Expected behavior To get the output of shape [1,1,49[64],576] instead of [1,1,64,576].

Screenshots

tests/ttnn/unit_tests/operations/test_new_conv2d.py:180: in run_conv
    torch_output_tensor = torch_output_tensor.reshape(batch_size, out_height, out_width, torch_output_tensor.shape[-1])
ttnn/ttnn/operations/core.py:248: in __torch_function__
    return super().__torch_function__(func, types, func_args, func_kwargs)
_ _ _ _ _ _ _ _ _ _ _ _ _ _ _ _ _ _ _ _ _ _ _ _ _ _ _ _ _ _ _ _ _ _ _ _ _ _ _ _ _ _ _ _ _ _ _ _ _ _ _ _ _ _ _ _ _ _ _ _ _ _ _ 

cls = <class 'core.TorchTensor'>, func = <built-in method  of PyCapsule object at 0x7fd5a526f810>
types = (<class 'torch.Tensor'>,)
args = (TorchTensor([[[[  6.5938,  -1.6484,  10.8750,  ...,   2.7500,   8.0000,
                 -3.1875],
               [ 1....7109,  -0.7266,  -1.1641,  ...,  -0.5938,   0.8945,
                  0.2383]]]], dtype=torch.bfloat16), 1, 7, 7, 576)
kwargs = {}

    @classmethod
    def __torch_function__(cls, func, types, args=(), kwargs=None):
        """
        This __torch_function__ implementation wraps subclasses such that
        methods called on subclasses return a subclass instance instead of
        a ``torch.Tensor`` instance.

        One corollary to this is that you need coverage for torch.Tensor
        methods if implementing __torch_function__ for subclasses.

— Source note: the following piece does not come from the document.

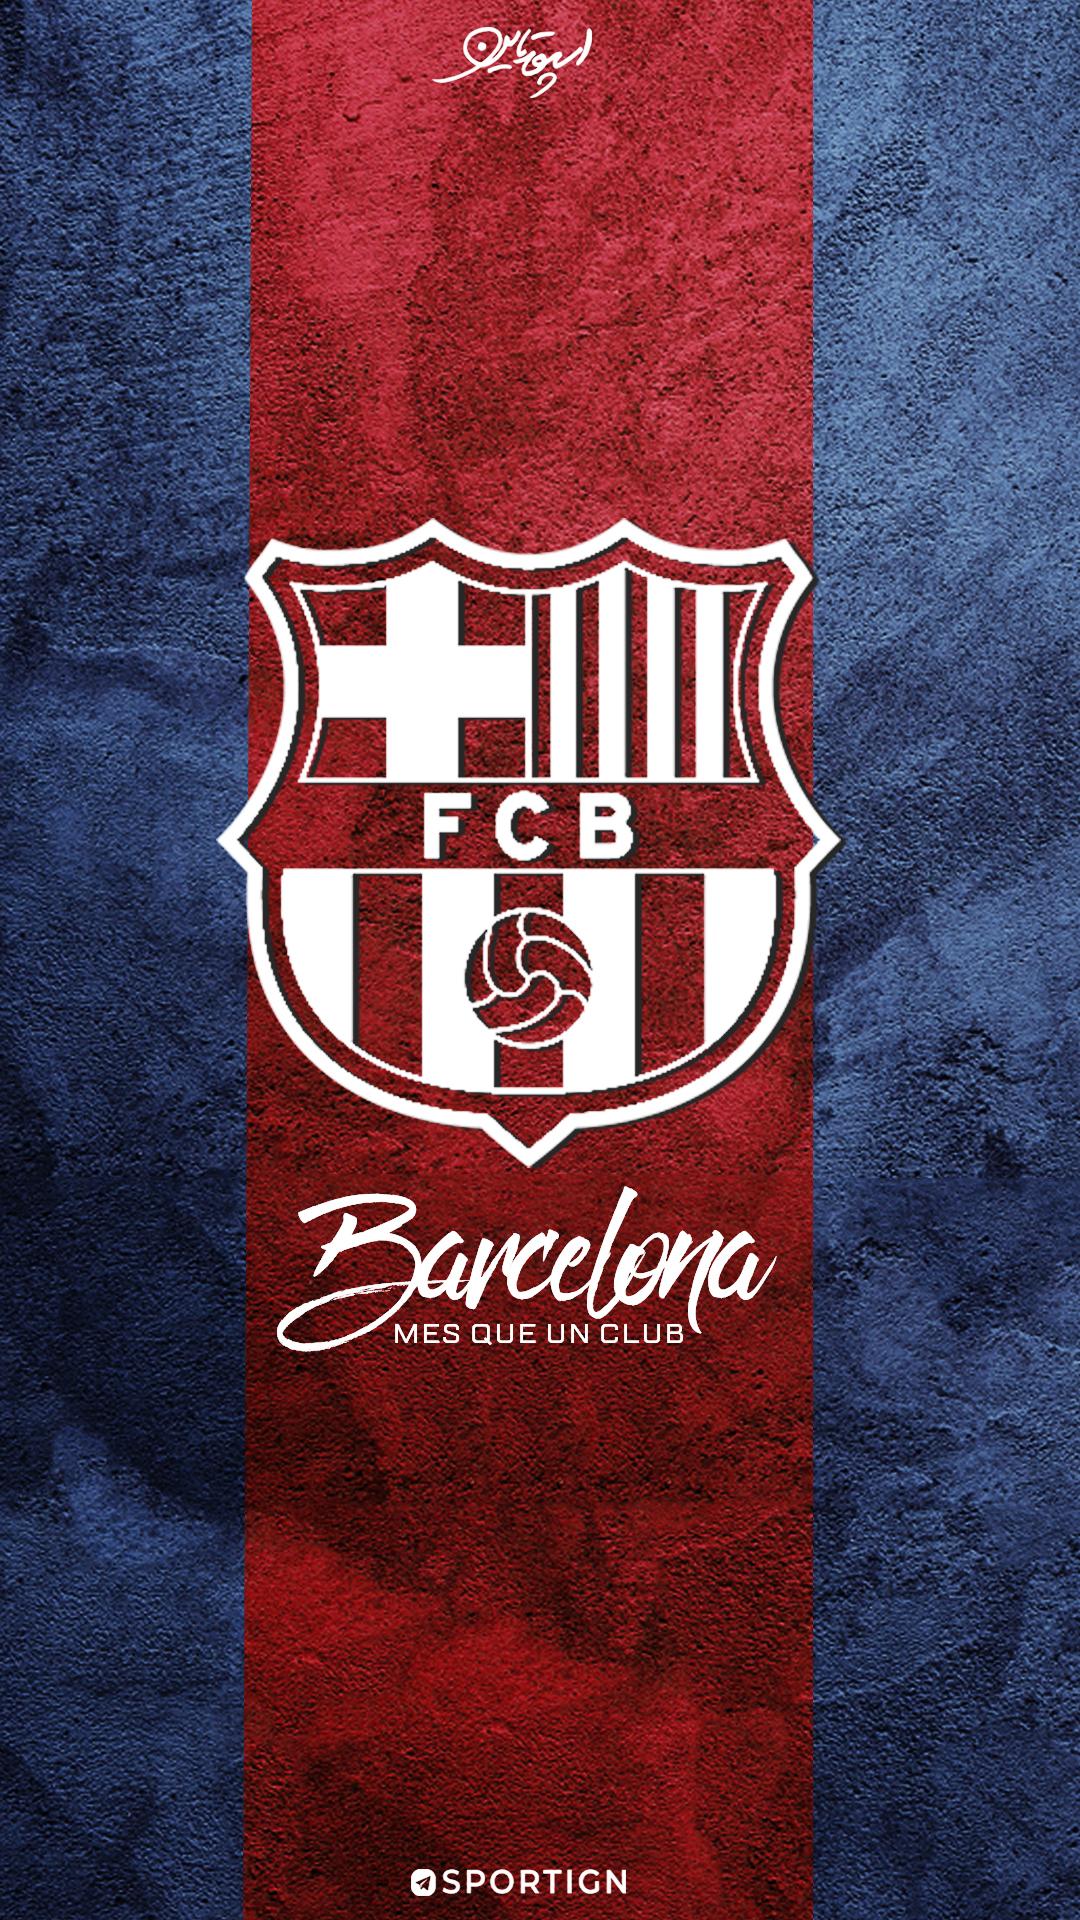 Wallpaper Barcelona Wallpaper Hd Android 1080x1920 Download Hd Wallpaper Wallpapertip

        We recommend always calling ``super().__torch_function__`` as the base
        case when doing the above.

        While not mandatory, we recommend making `__torch_function__` a classmethod.
        """
        if kwargs is None:
            kwargs = {}

        if not all(issubclass(cls, t) for t in types):
            return NotImplemented

        with _C.DisableTorchFunctionSubclass():
>           ret = func(*args, **kwargs)
E           RuntimeError: shape '[1, 7, 7, 576]' is invalid for input of size 36864

Please complete the following environment information:

Device: WH-n150

Additional context

https://github.com/tenstorrent/tt-metal/commit/4e1fef96b1fc5543455911fef6fcf7664f04d9b3 this commit in main made this issue.
If the input that is passed to convolution is not kept in the device then it's passing.
The issue that we are facing is only for some input configurations.

punithsekar commented 1 month ago

fyi @saichandax

punithsekar commented 1 month ago

https://github.com/tenstorrent/tt-metal/commit/4e1fef96b1fc5543455911fef6fcf7664f04d9b3 this commit in main made this issue.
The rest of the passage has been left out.